Since 2004, a unit within the TEI Ontologies Special Interest Groups (SIGs) has been focused on the relationship between TEI and CIDOC CRM standards towards a mapping of the elements of the former with classes and properties of the latter [Eide 2010] [Eide 2014-2015] [Eide and Ore 2006] [Eide and Ore 2007] [Ore and Eide 2009]. Specifically, it has been underlined the development from TEI P4 to TEI P5 in including “new elements for marking-up real-world information” [Ore and Eide 2009, 165], as – for instance – <person>, <place>, <event>, <relation>, <name>. A comparison of these tags with CIDOC CRM conceptual model was then performed, attempting at the same time to propose different ways to interlink the two standards. Nevertheless, a great part of the cited articles are based on the assumption that the TEI documents representing the background of the analysis already contain marked-up real world information. This is actually not a standard characteristic. As underlined by Eide and Ore, it “is common to most TEI documents” [Eide and Ore 2007] that – for example – “events are not tagged” [Eide and Ore 2007].

However, a manuscript description is a particular type of TEI document. It has been designed having in mind the implicit conceptual model at the base of the European cataloguing practice. Consequently, it can be inferred that each specialised TEI element has been introduced according to an agreed contextual meaning. Considering the XML structure of a manuscript description rather than its textual content, at least events and relations can be generally deduced although they are not expressively identified. The following example can serve as a better explanation. The identification of the copyist and especially the date of writing represent two of the main challenges faced by paleographers and codicologists when studying a manuscript [Petrucci 1984, 49–54]. This is due to the fact that, in most of the cases, the transcription of a text was carried out anonymously, without any temporal indication. However, an exception to this status quo is represented by the colophon, i.e. an original date (and name) handwritten by the copyist on the leaves during the stage of the handwriting. For its inherent semantics, the presence of a colophon (E34 Inscription) means that this final formula was added by a person (E21 Person), i.e. the copyist, and it may contain information able to identify (P67 refers to) the date of writing and the copyist himself, helping the scholar to provide his own hypothesis on the manuscript (P16 was used for - E13 Attribute Assignment) (see Figure 2). Making explicit causal and temporal relationships, the overall mapping of the specific TEI records to CIDOC CRM was generally successful because of this aspect.

Figure 2.

Modelling of a colophon.

The aforesaid reasoning needs further consideration, though. Events require to be placed in specific time frames and linked to identified actors in order to model factual information. If this data is not encoded in tags as <date> and <name>, individual histories of handwritten primary sources cannot be retrieved. This was the main drawback affecting the mapping process. In MOL records the presence of <name> was really sporadic and the use of <origDate> or <date> was limited – for instance – to the origin of a manuscript, the life of the text’s author and the date of a binding.
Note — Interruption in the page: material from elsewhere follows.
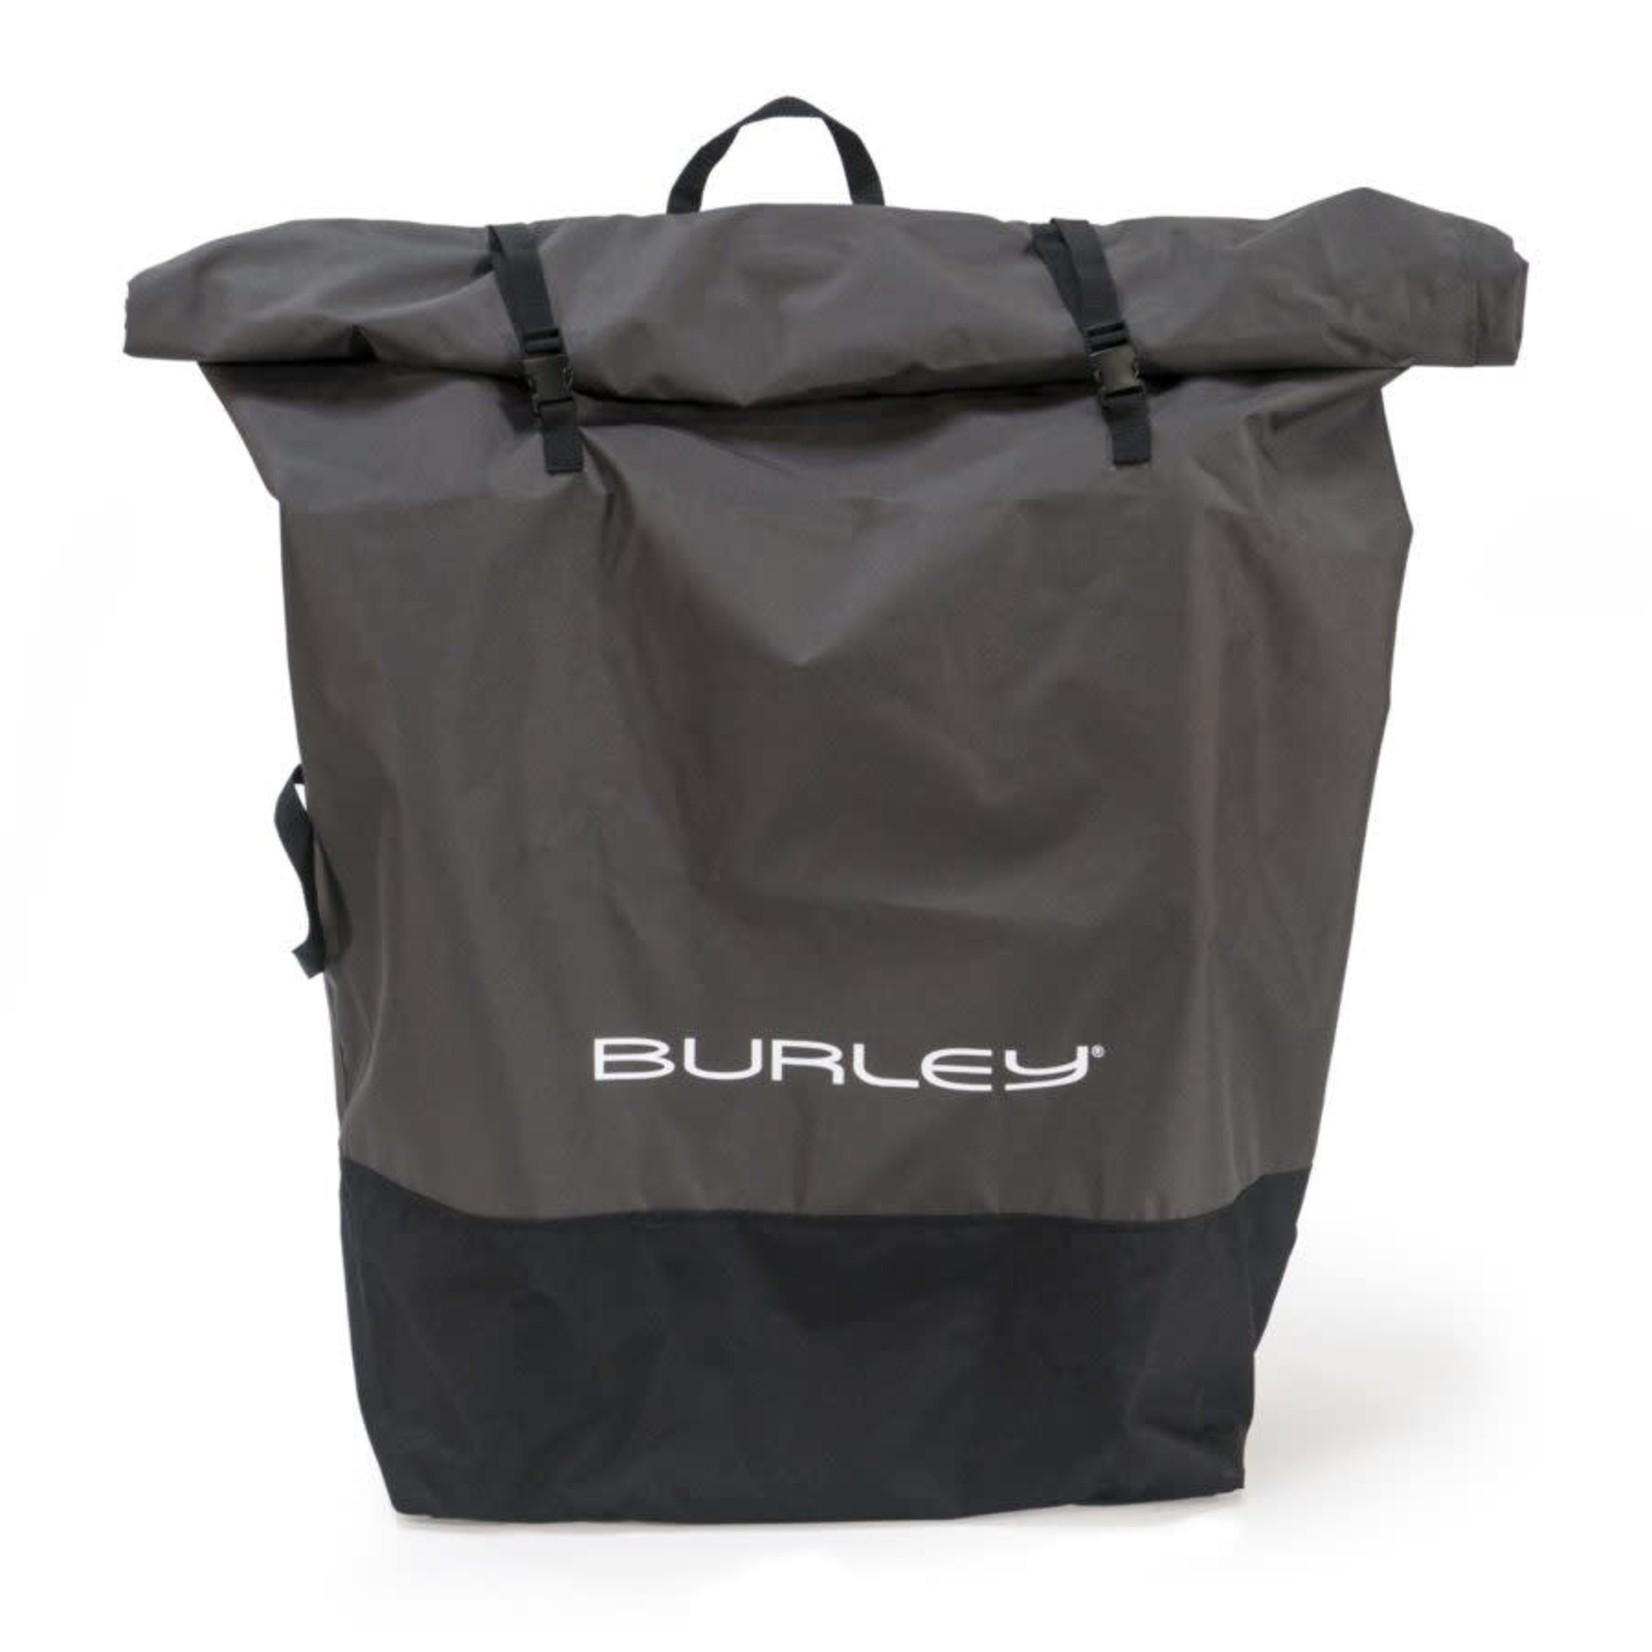 Burley Burley Trailer Storage Bag

In reference to some of the aspects against which the choice of CIDOC CRM ontology was made, the described project was finally assessed as positive evidence. Firstly, the dissimilarities between bare and more accurate descriptions did not heavily affect the good outcome of the implementation. As a representative specimen, the conceptual identification of a comprehensive class for any kind of illumination occurring in a manuscript, distinct from its subtypes, allowed to model the different granularity of this category found in the analysed records. During the modelling, it was chosen to firstly sub-type the class E55 Type for classifying the physical feature holding the illumination, e.g. initial, leaf, frieze (encoded in the TEI @type attribute). Then, the class E41 Appellation was used to specify the conventional terms for describing a particular category (occurring in the TEI @subtype attribute), whose semantic meaning is explained by the class E36 Visual Item (see Figure 3).

Figure 3.

Modelling of an illumination.

An additional level of evaluation pertains the contradictory views. CIDOC CRM ontology enabled to distinguish facts that were asserted by the handwritten sources from those that, although based on these sources, were only “exhibited in or presupposed” [Eide 2008]. An example is provided. Handwritten texts usually do not include titles, which thus need to be deduced through a scholar’s analysis of the content. However, it can happen that titles occur in a specific leaf and thus no interpretation is required. Two mappings of the title of a manuscript (see Figure 4) were thus needed in order to make a clear distinction between the factual and interpretative nature of information.

Figure 4.

Different mappings for the two types of title.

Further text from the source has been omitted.